- [Supplied information]
* * *
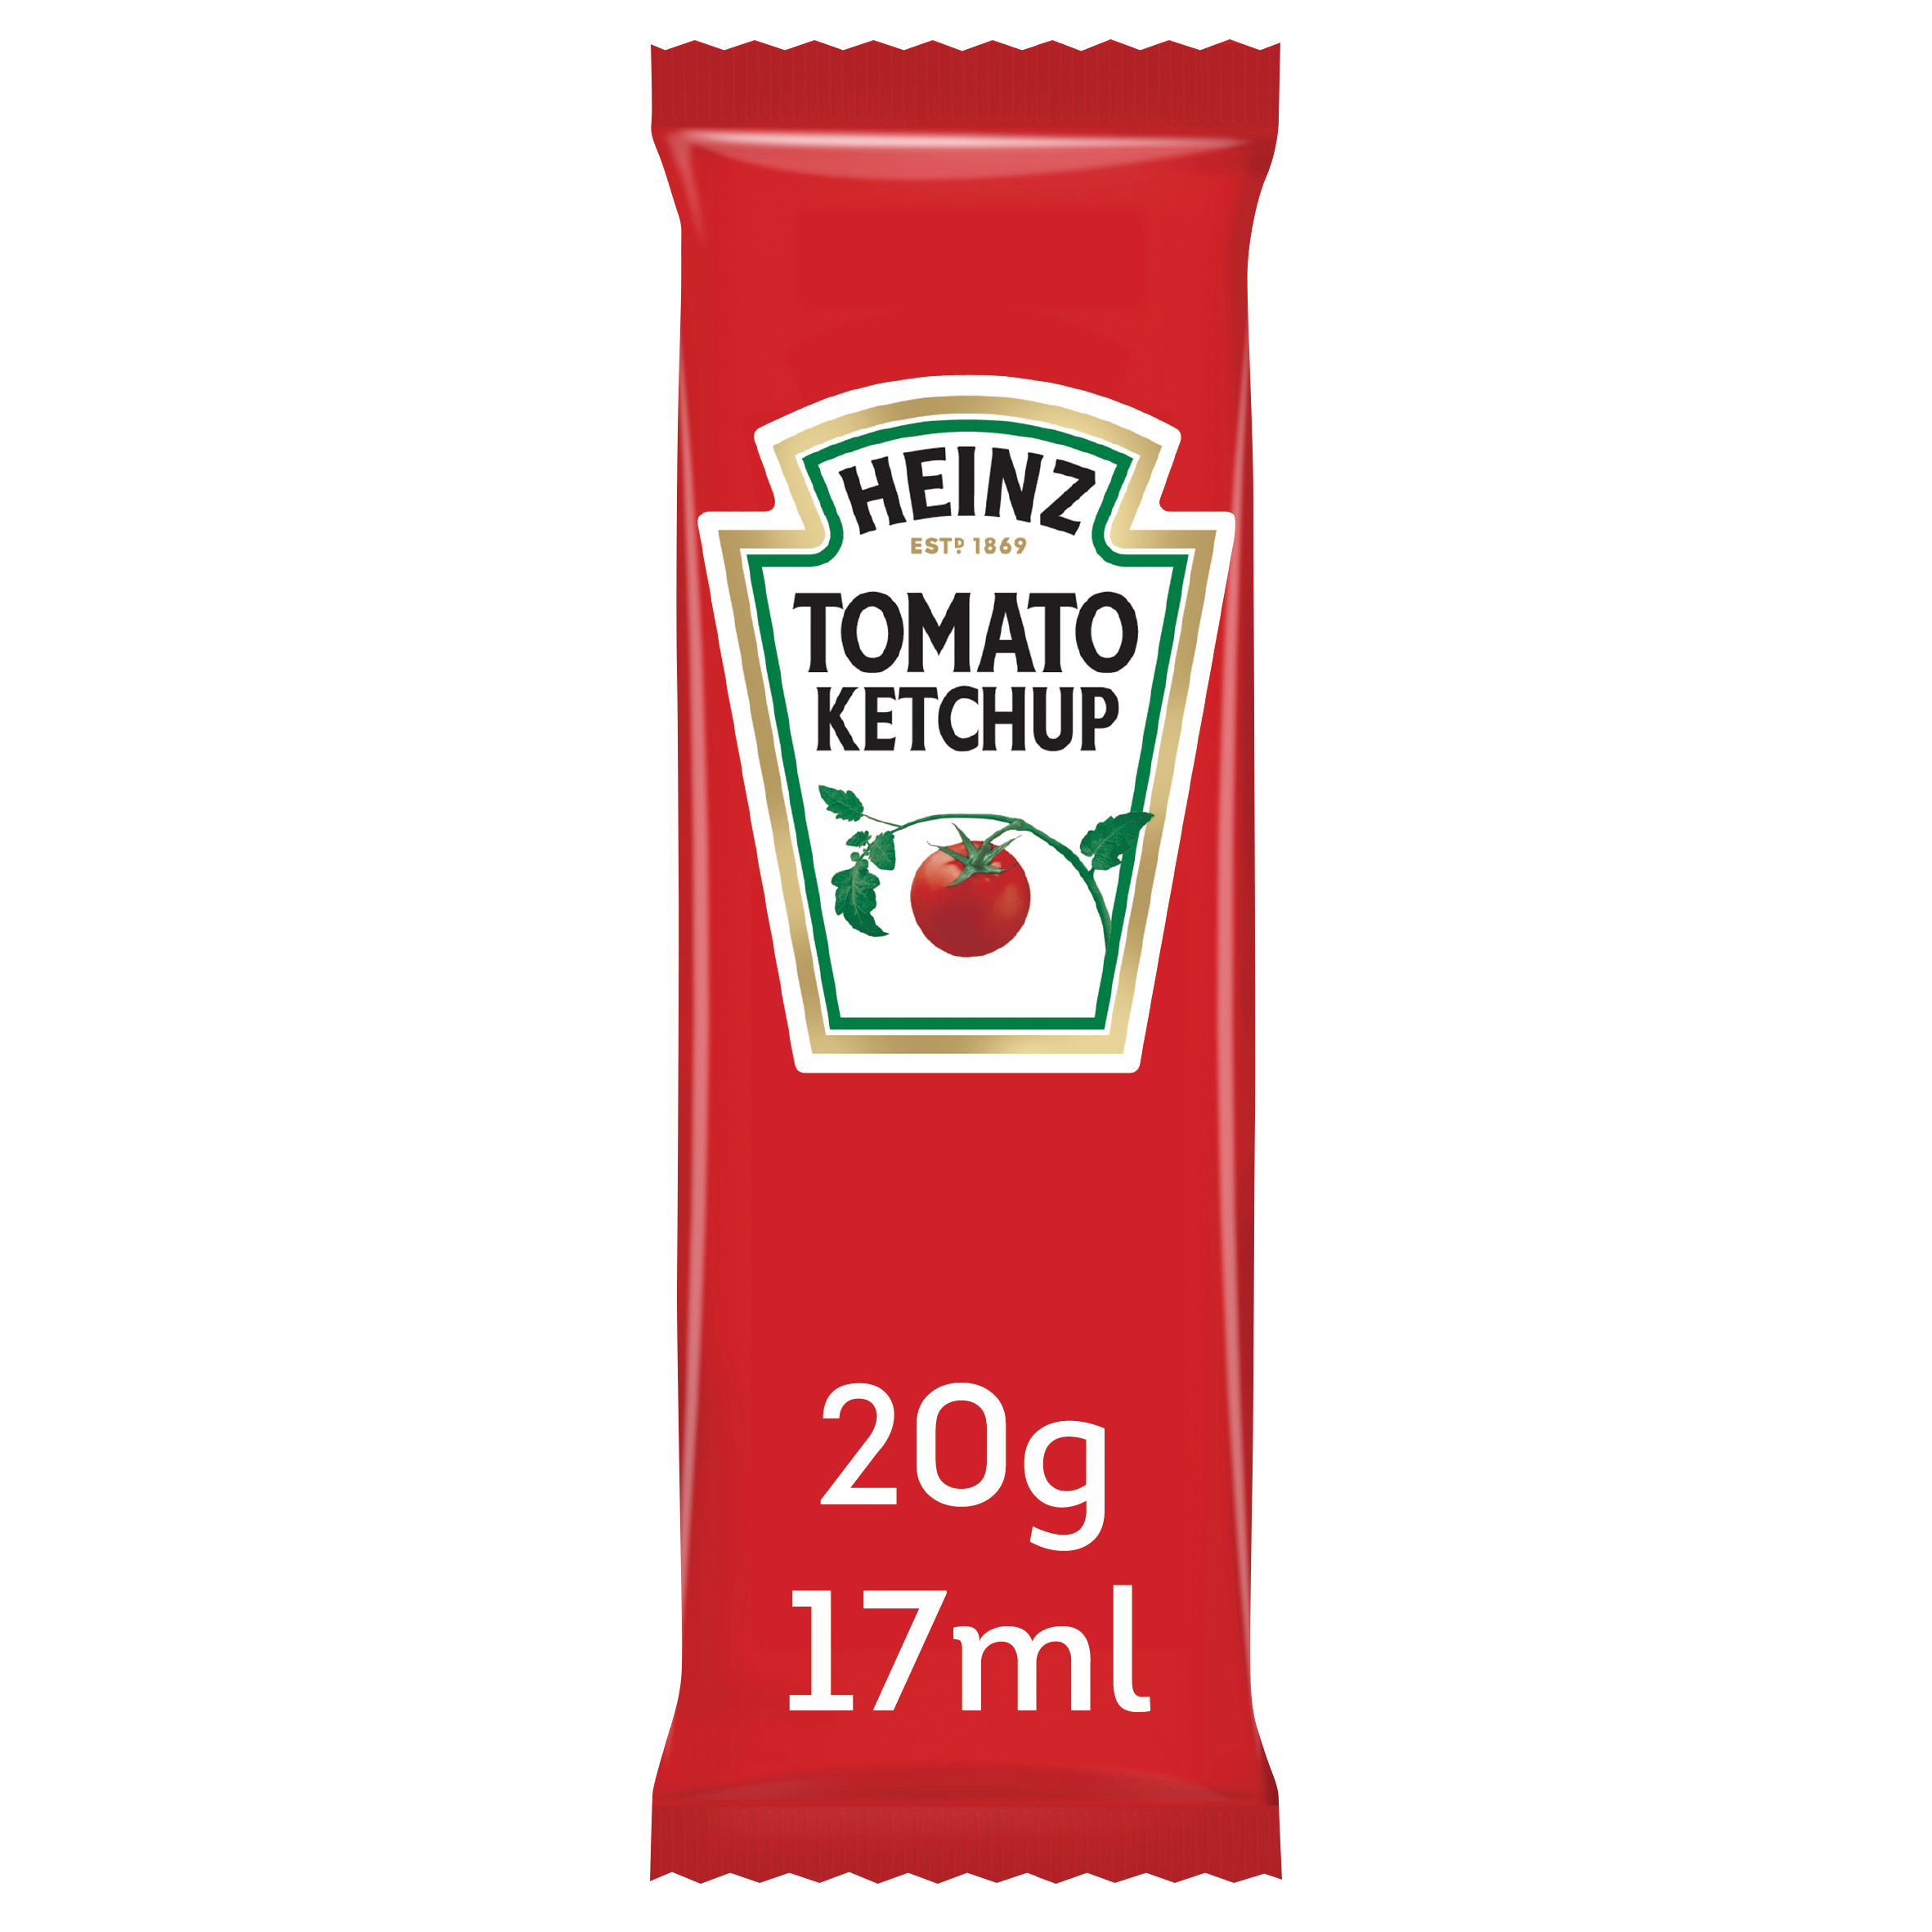 Heinz Tomato Ketchup 17ml Sachet
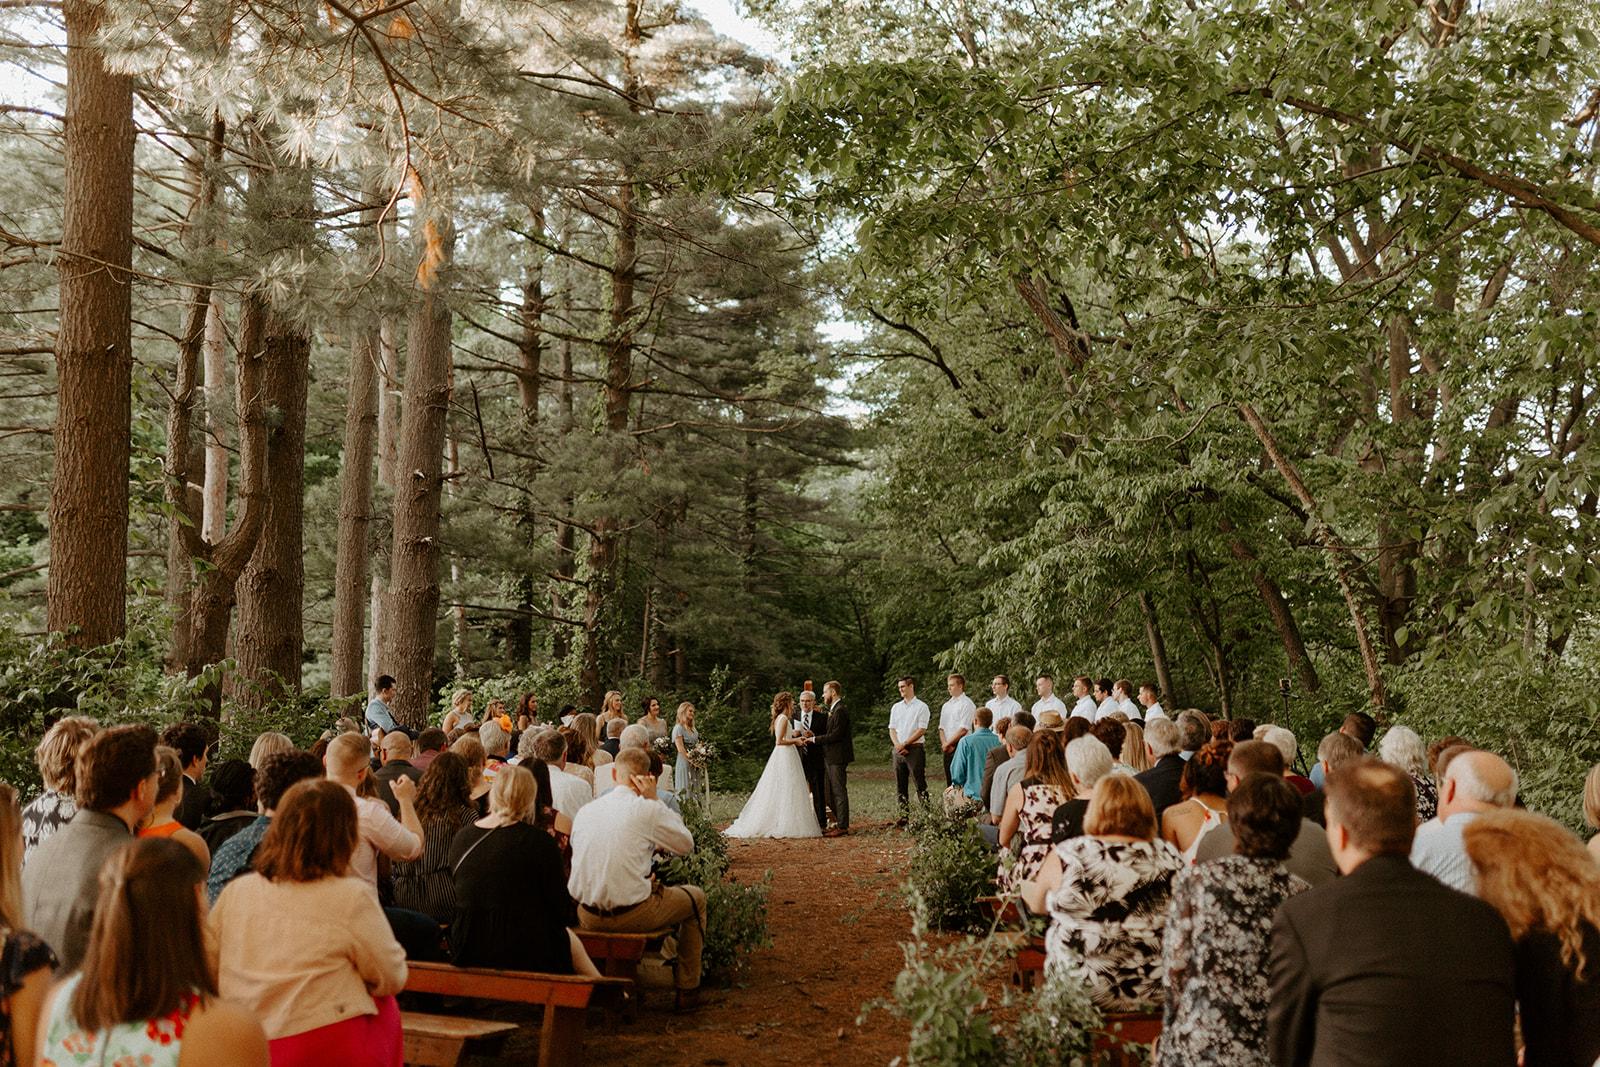 camp_wokanda_peoria_illinois_wedding_photographer_wright_photographs_bliese_0270.jpg
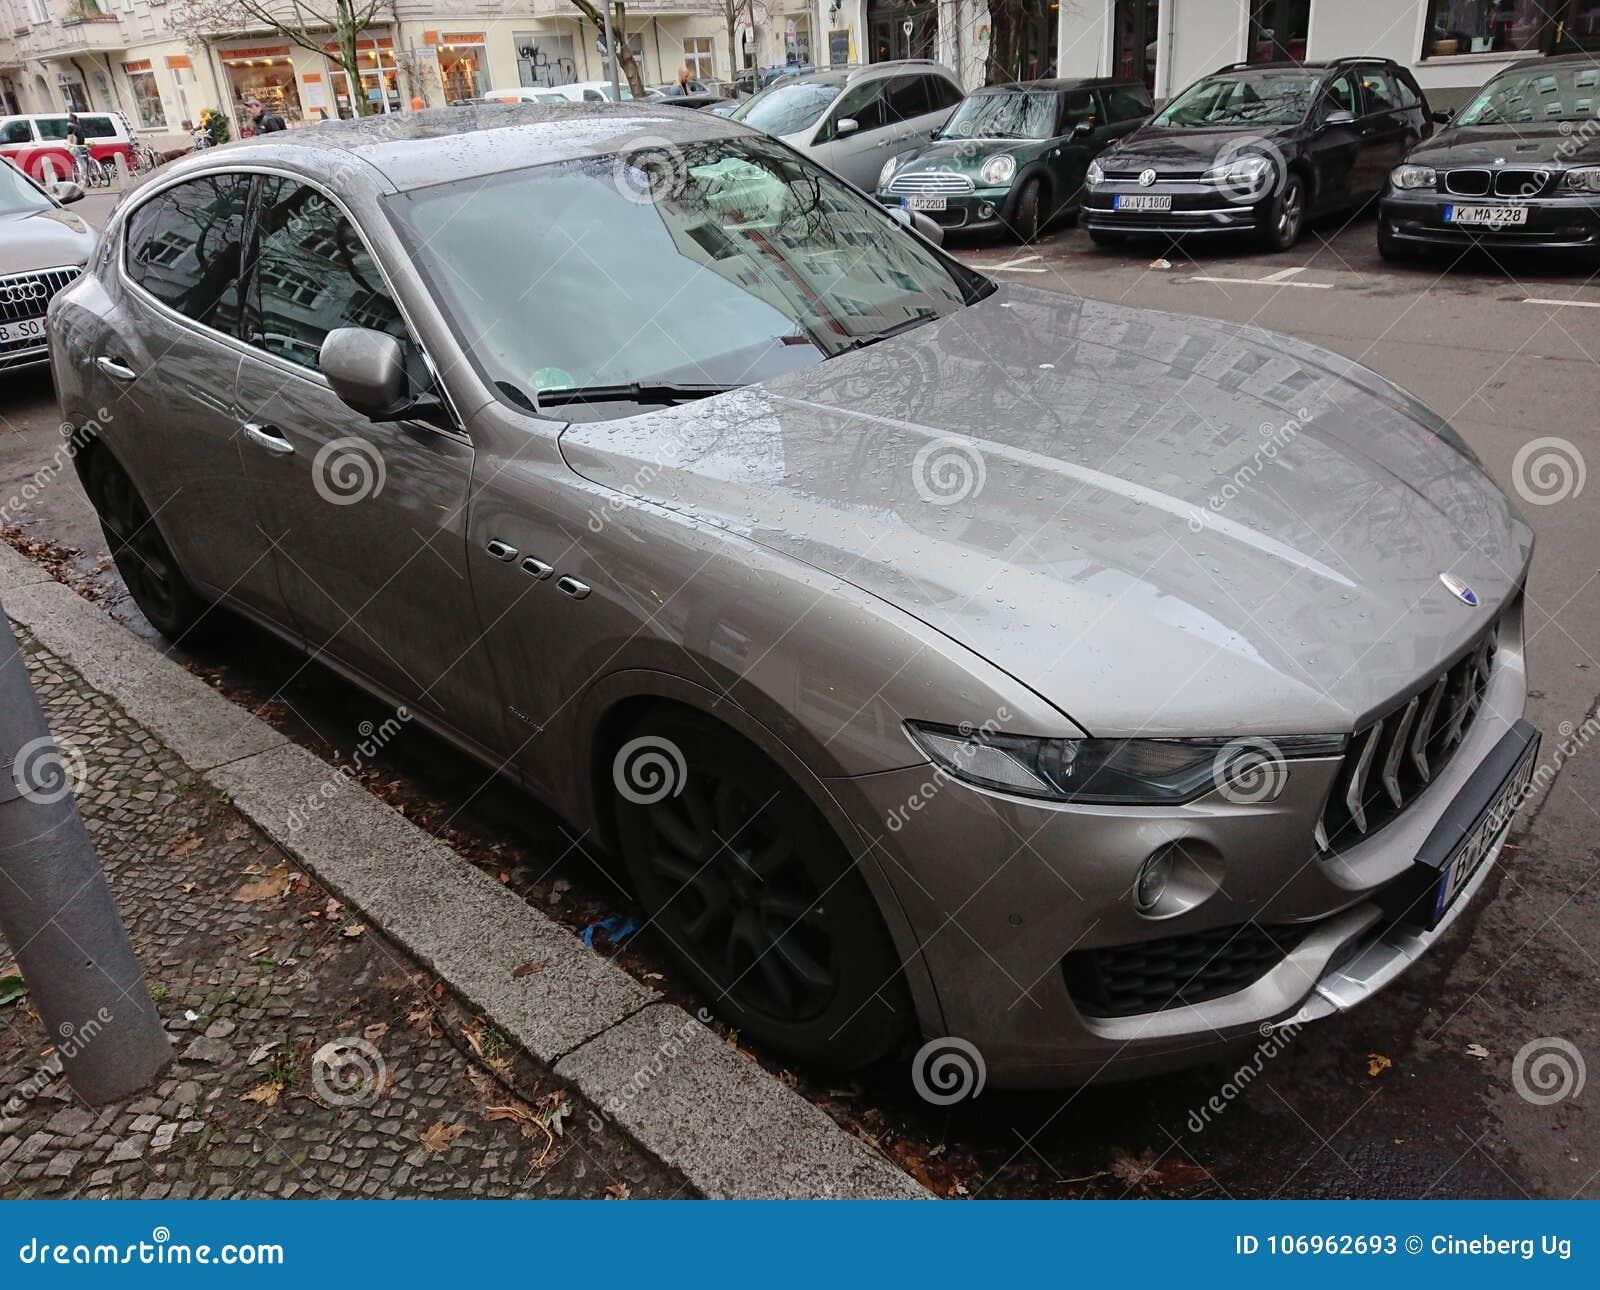 Trident Car Logo >> Grey Maserati Car With Trident Logo Editorial Stock Photo Image Of
* * *
Word for word, restate the material above; do not carry over the pictures.

- [Reply]
 Heinz Tomato Ketchup 17ml Sachet
 camp_wokanda_peoria_illinois_wedding_photographer_wright_photographs_bliese_0270.jpg
 Trident Car Logo >> Grey Maserati Car With Trident Logo Editorial Stock Photo Image Of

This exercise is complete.